▶ Try it:
Write the records out again exactly, leaving no images in.
====== Material for this task
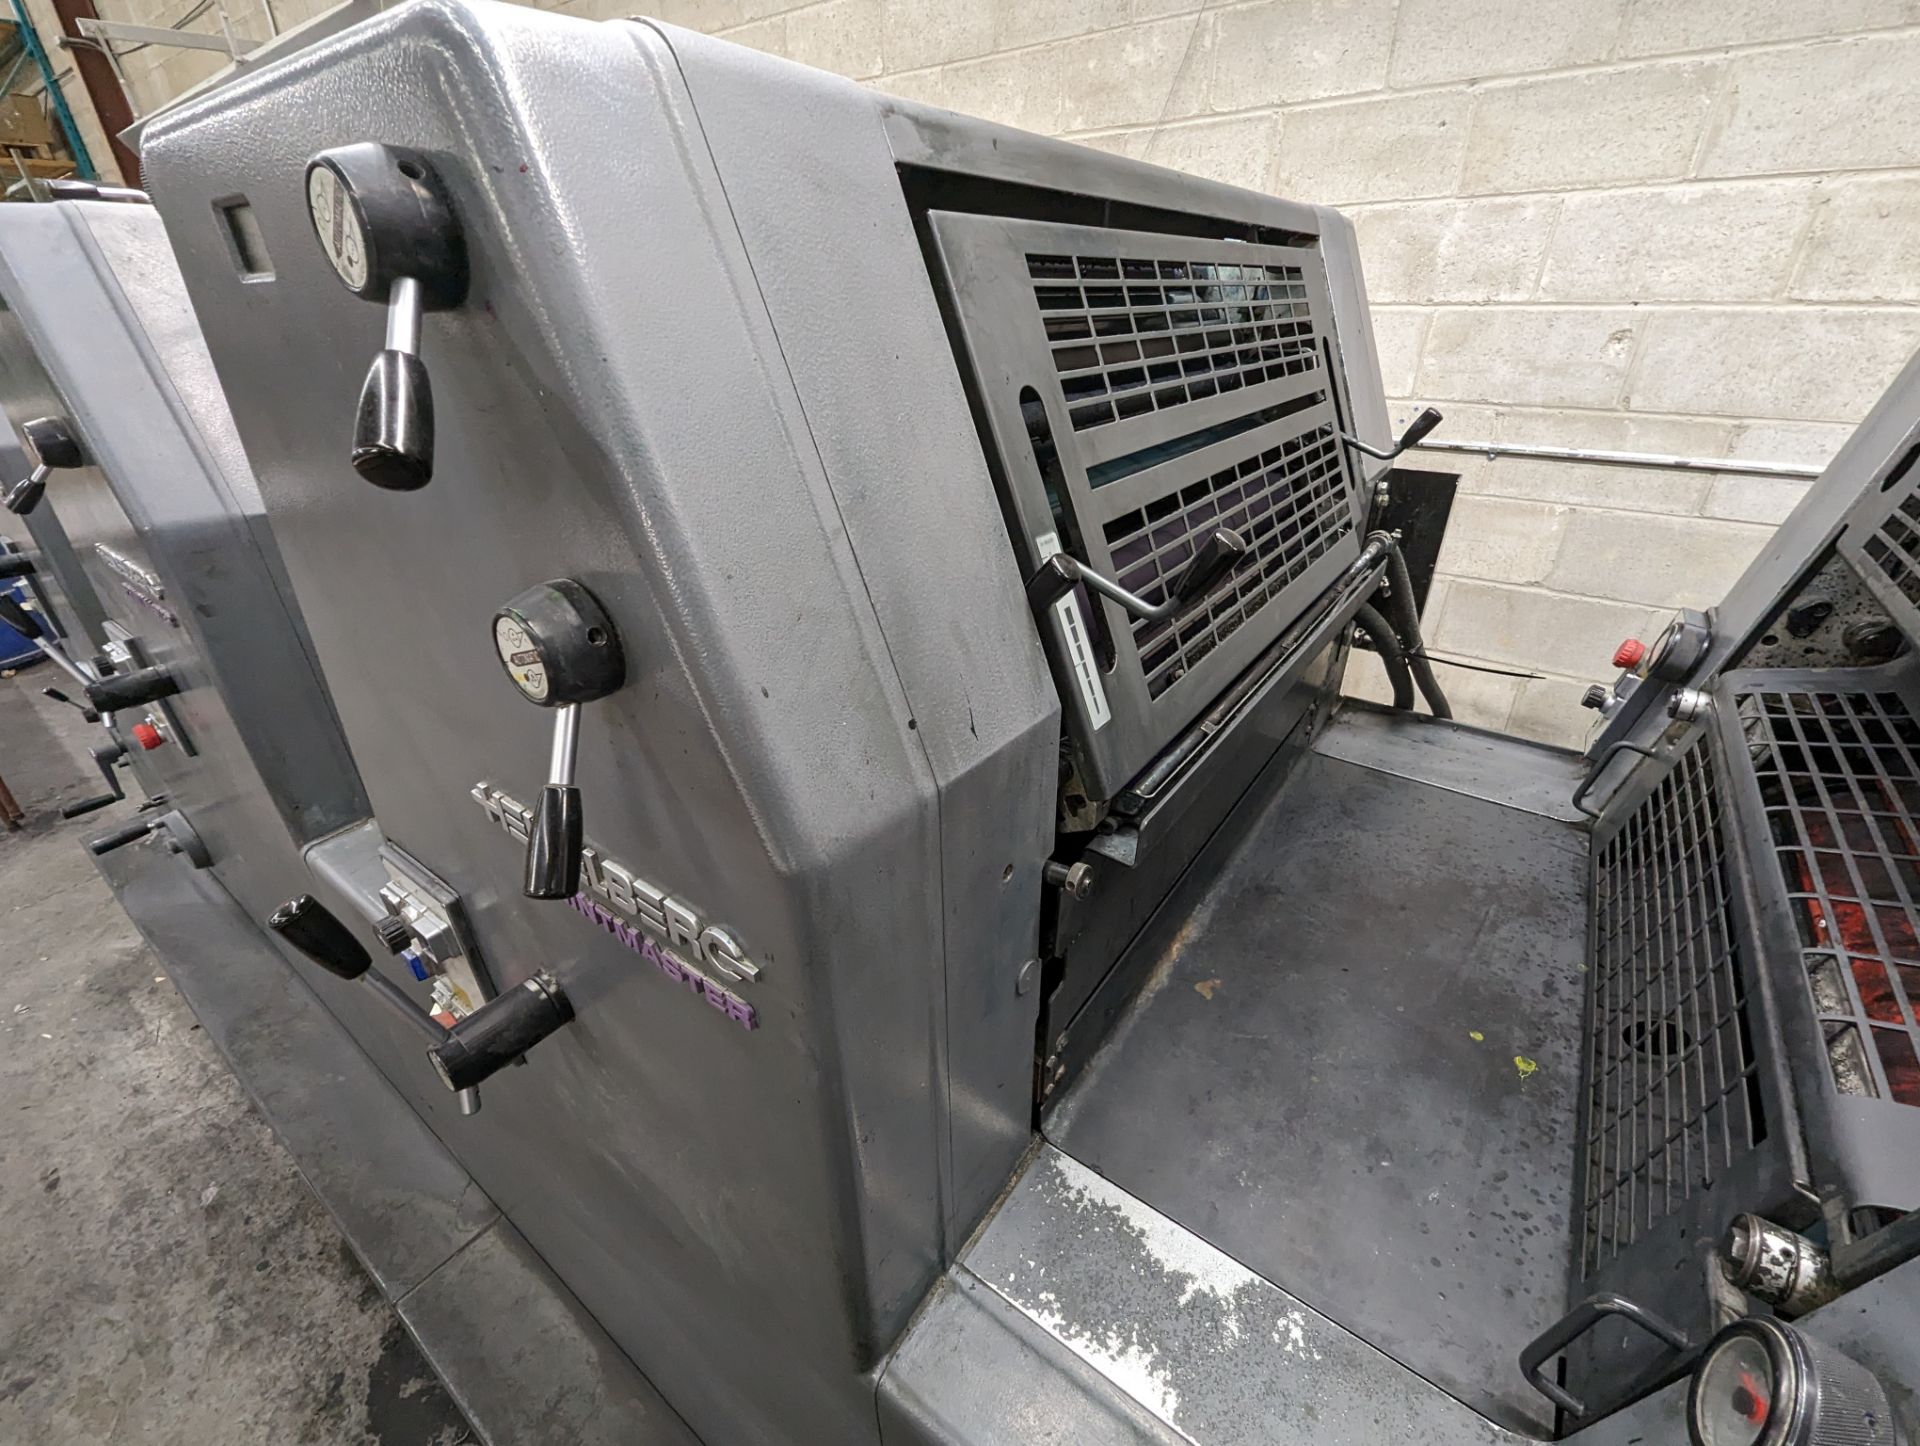 HEIDELBERG PRINTMASTER GTO 52 4-COLOUR SHEET-FED OFFSET PRINTING PRESS, 14” X 20”, TECHNOTRANS - Image 7 of 22
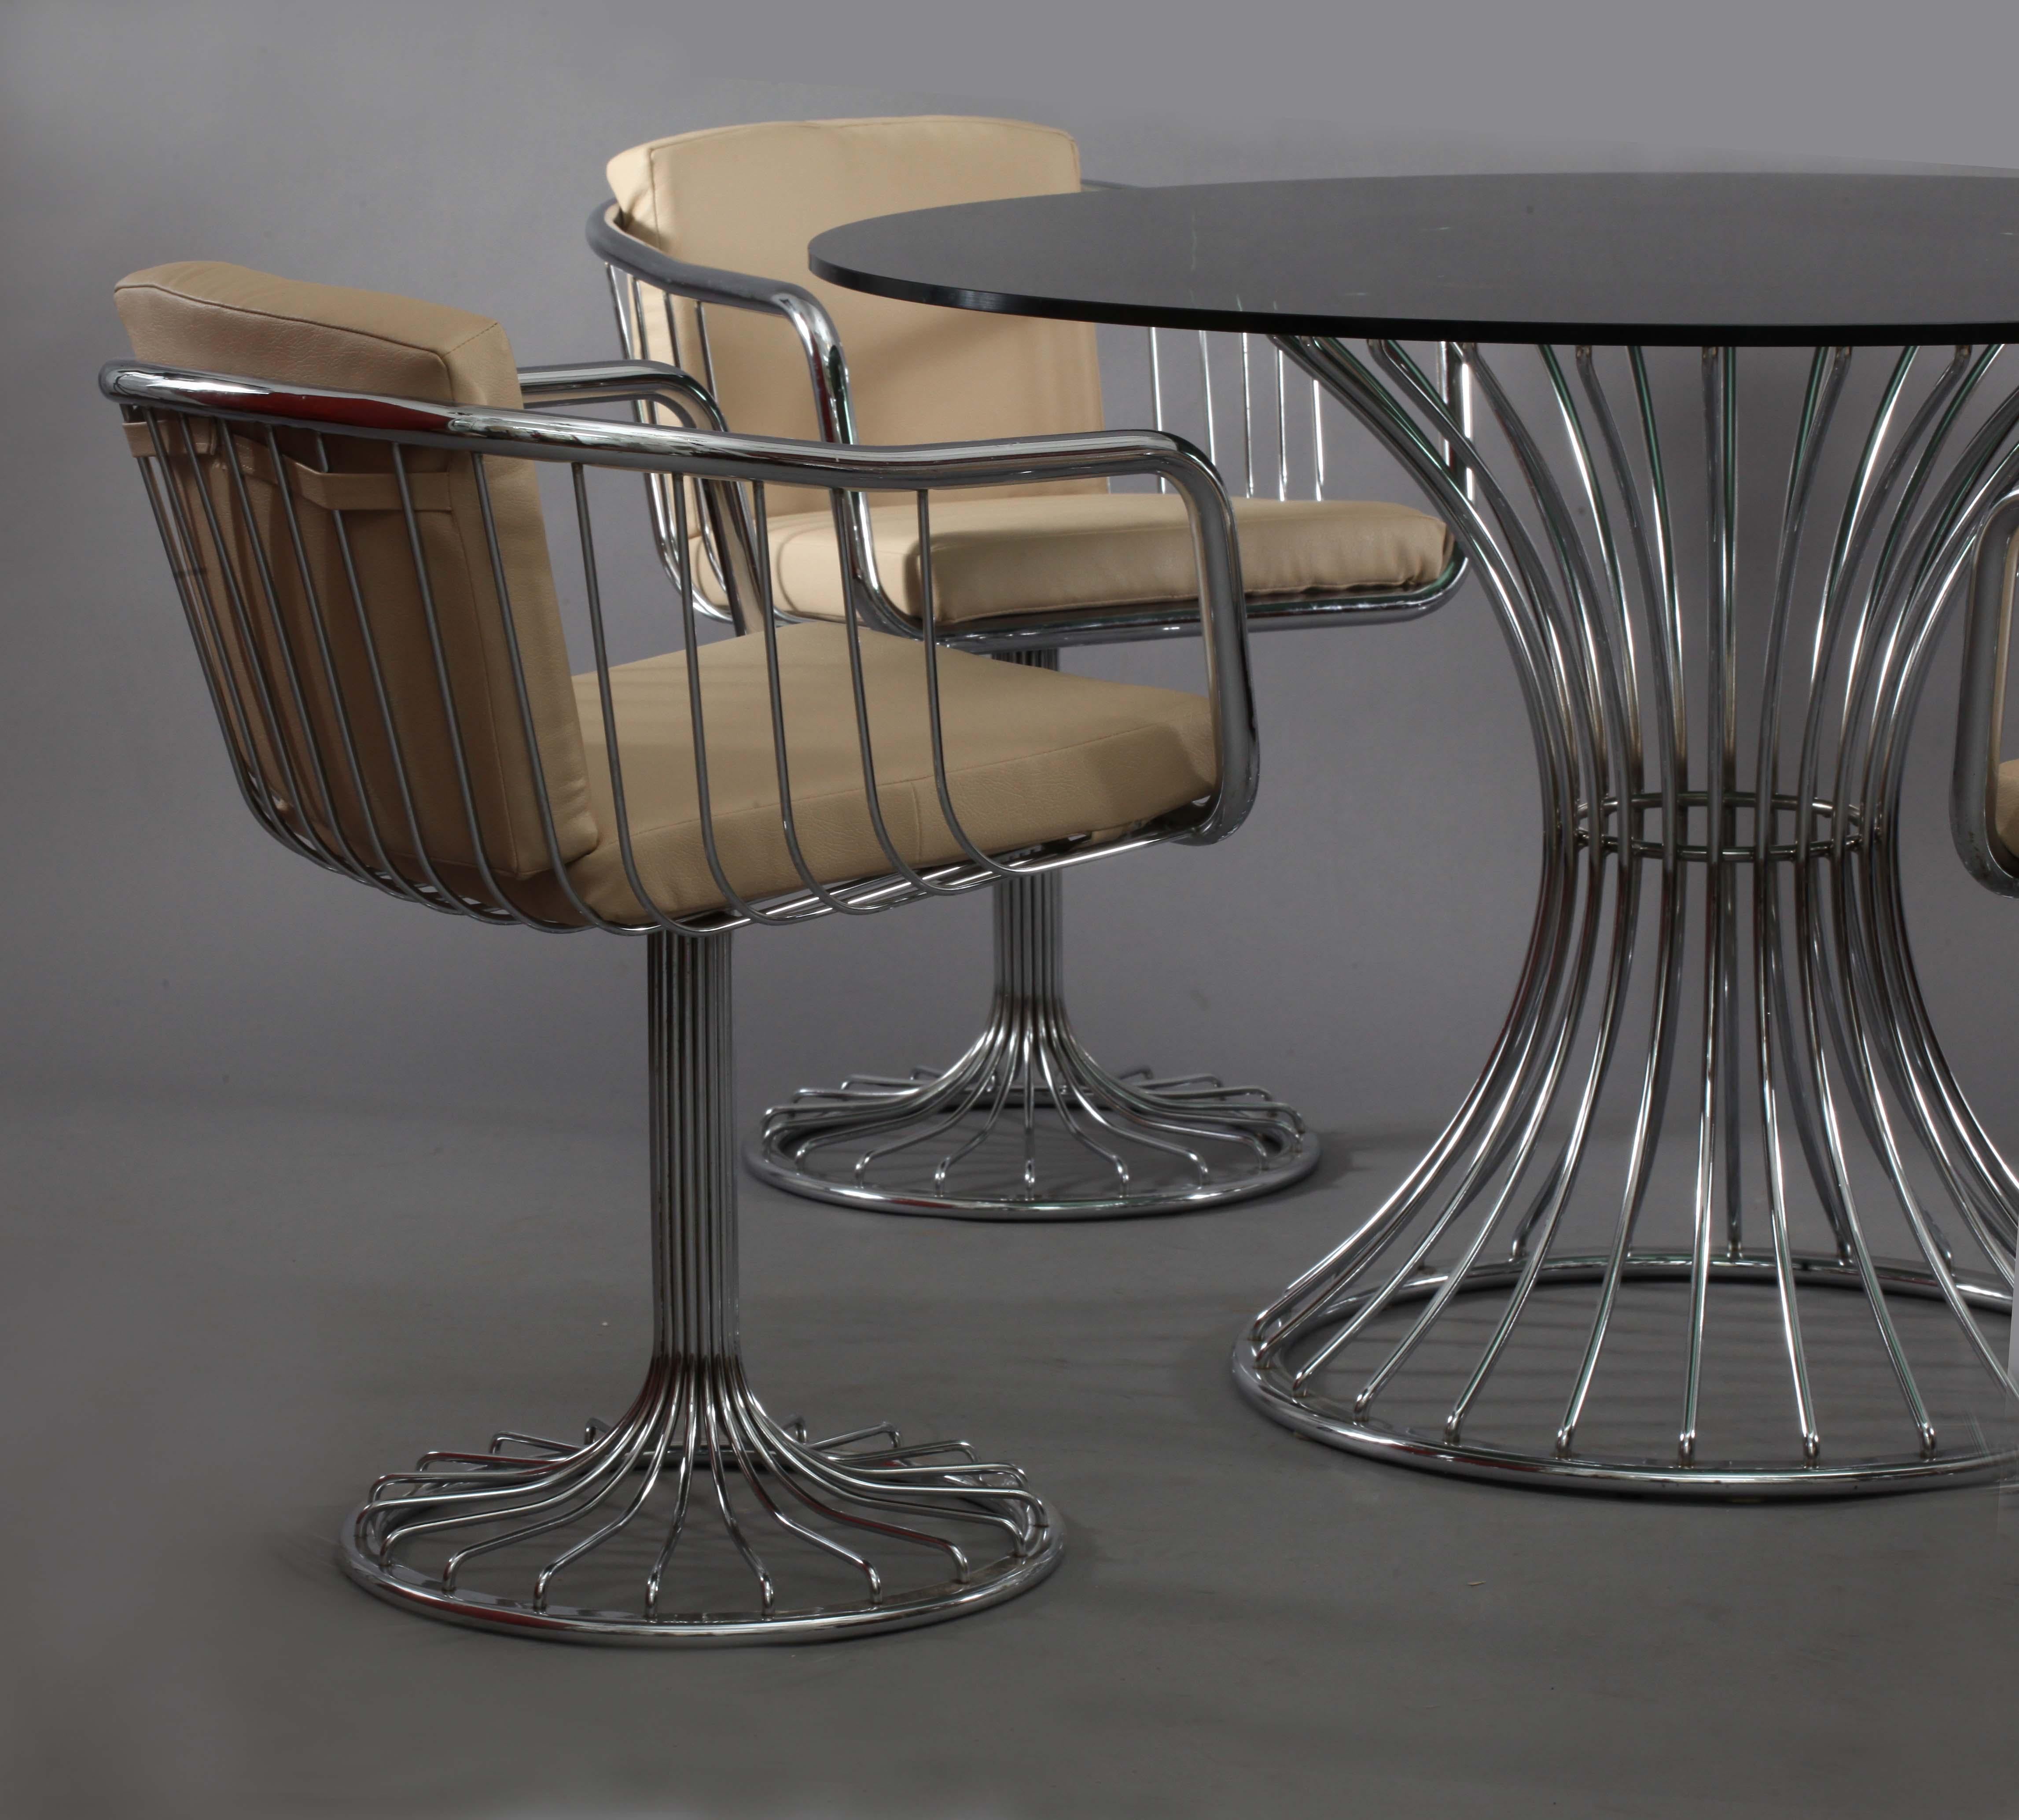 Four chrome armchairs and table
Rinaldi Gastone
Italy 1970
Chrome, leatherette seat,
Smoke glass plate diameter 110cm.
============
▶ Written reply:
 HEIDELBERG PRINTMASTER GTO 52 4-COLOUR SHEET-FED OFFSET PRINTING PRESS, 14” X 20”, TECHNOTRANS - Image 7 of 22
 Four chrome armchairs and table
Rinaldi Gastone
Italy 1970
Chrome, leatherette seat,
Smoke glass plate diameter 110cm.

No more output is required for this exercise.